# Math Help - The quadratic Problem

I am not able to solve this problem

if $a^2+b^2=1$ then find the range of $a+b$

what I am doing is
$(a+b)^2>0$
$a^2+b^2+2ab>0$ where $a^2+b^2=1$
$1+2ab>0$
$2ab>-1$

Case 2
$(a-b)^2>0$
$a^2+b^2-2ab>0$ where $a^2+b^2=1$
$1-2ab>0$
$2ab<1$

$-1<2ab<1$

$a+b=\sqrt{a^2+b^2+2ab}$
$a+b=\sqrt{1+2ab}$
$a+b=\sqrt{1-1}$ $-1<2ab<1$ to find minimum
$a+b=0$

$a+b=\sqrt{1+1}$ $-1<2ab<1$ to find maximum
$a+b=\sqrt{2}$

The range I am getting is $(0,\sqrt{2})$ but the answer is ( $(-\sqrt{2},\sqrt{2})$

2. ## Re: The quadratic Problem

I would do this a completely different way. If we use x and y rather than a and b (it is still exactly the same problem, of course), we can think of "a^2+ b^2= 1" (x^2+ y^2= 1) as the equation of a circle with center at (0, 0) and radius 1. "a+ b= c" or x+ y= c, for c a fixed number, is a line sloping down to the left at a 45 degree angle.
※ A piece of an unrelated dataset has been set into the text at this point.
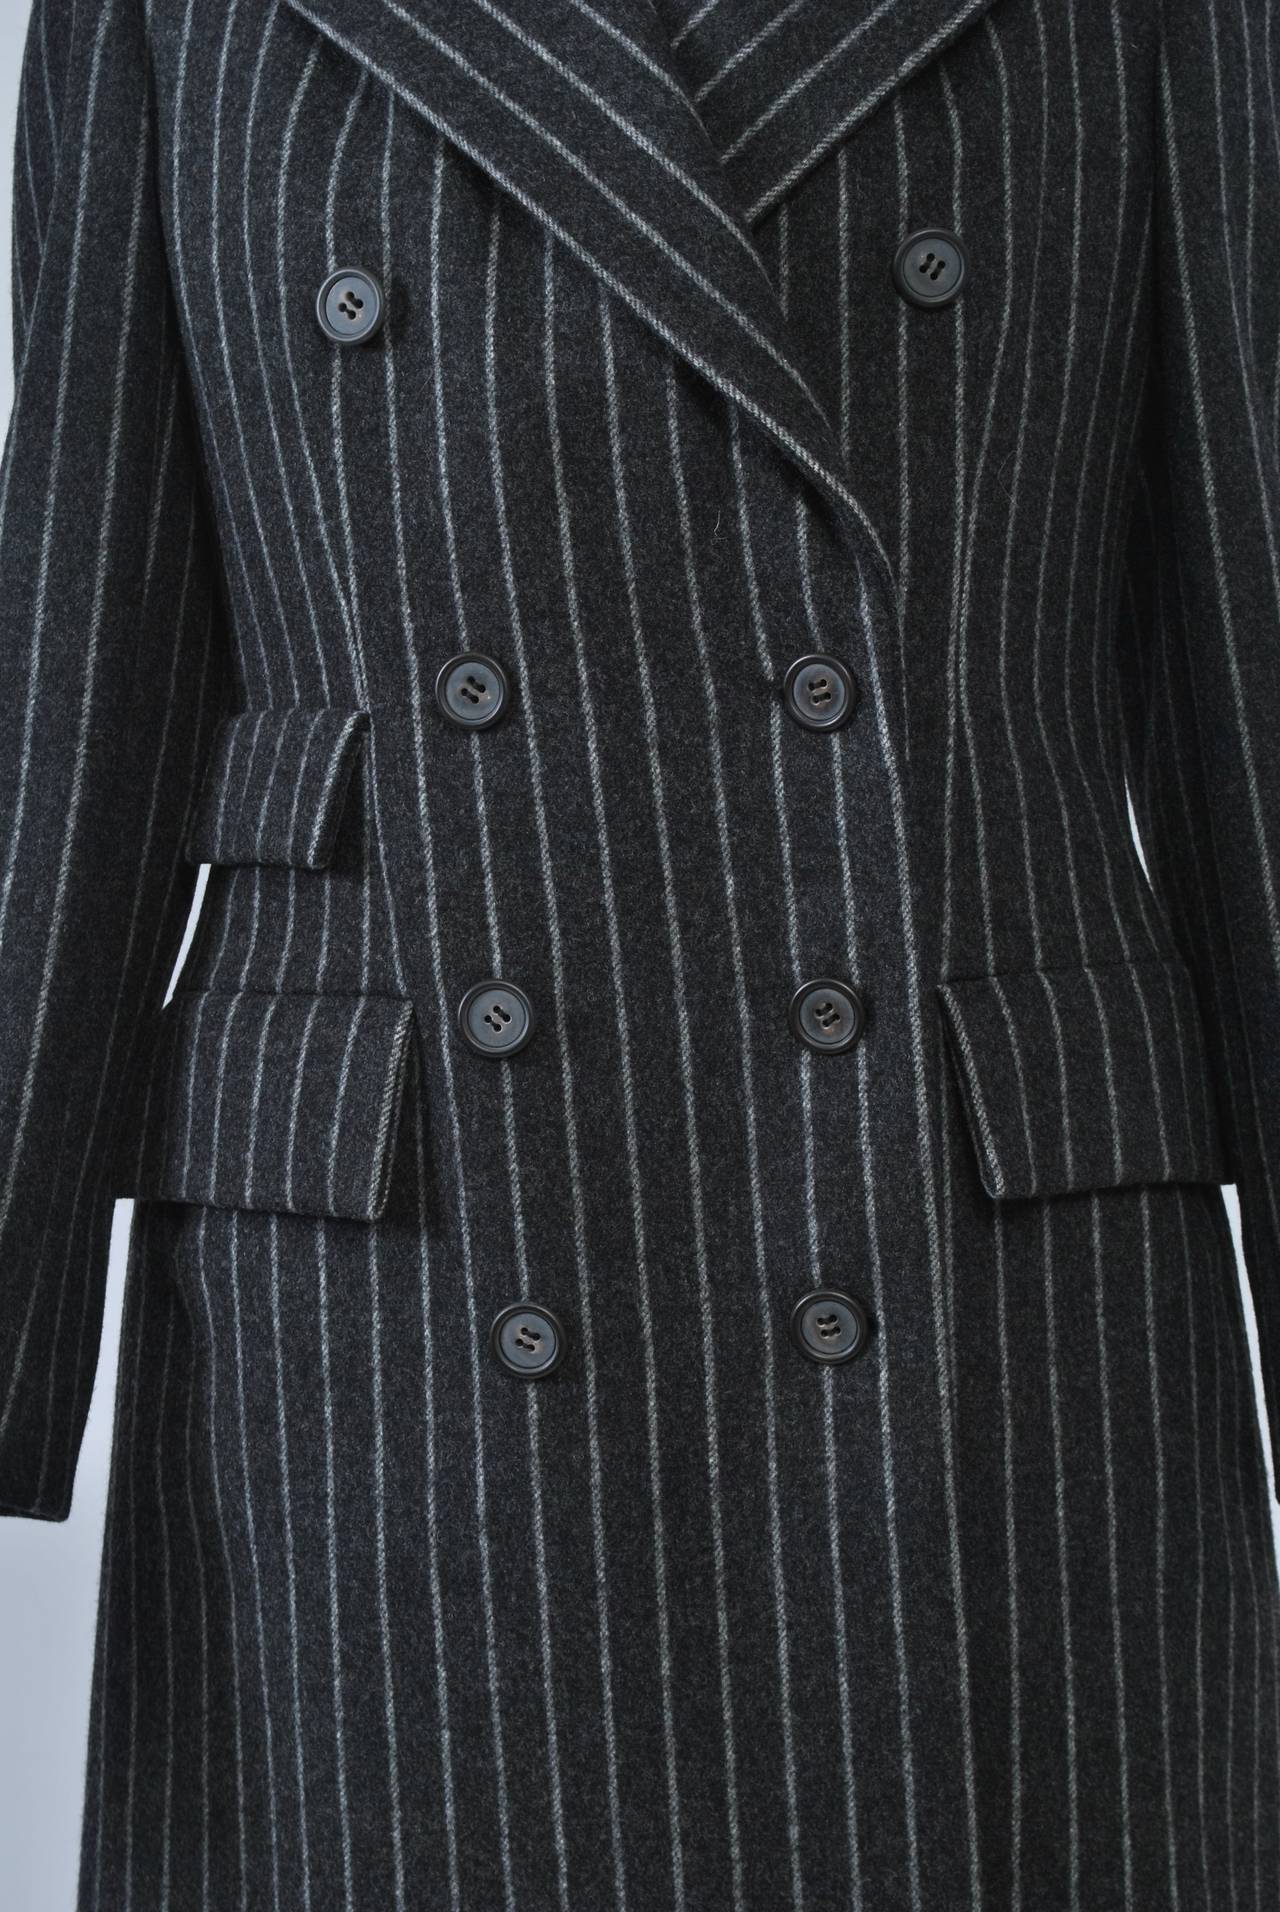 Bill Blass Pinstripe Coat Suit In Excellent Condition In Alford, MA

The smallest and largest possible values of c are when that line is tangent to the circle which happen at the endpoints of the diameter perpendicular to the line: that is the line y= x which crosses the circle $x^2+ y^2= 1$ when $x^2+ x^2= 2x^2= 1$ so that $x= y= \pm\sqrt{2}/2$. Taking $x= a= b= \sqrt{2}/2$, $a+ b= \sqrt{2}/2+\sqrt{2}/2= \sqrt{2}$. But taking $x= a= b= -\sqrt{2}/2$ we get $a+ b= -\sqrt{2}$.

Perhaps you forgot the $\pm$ on the square root?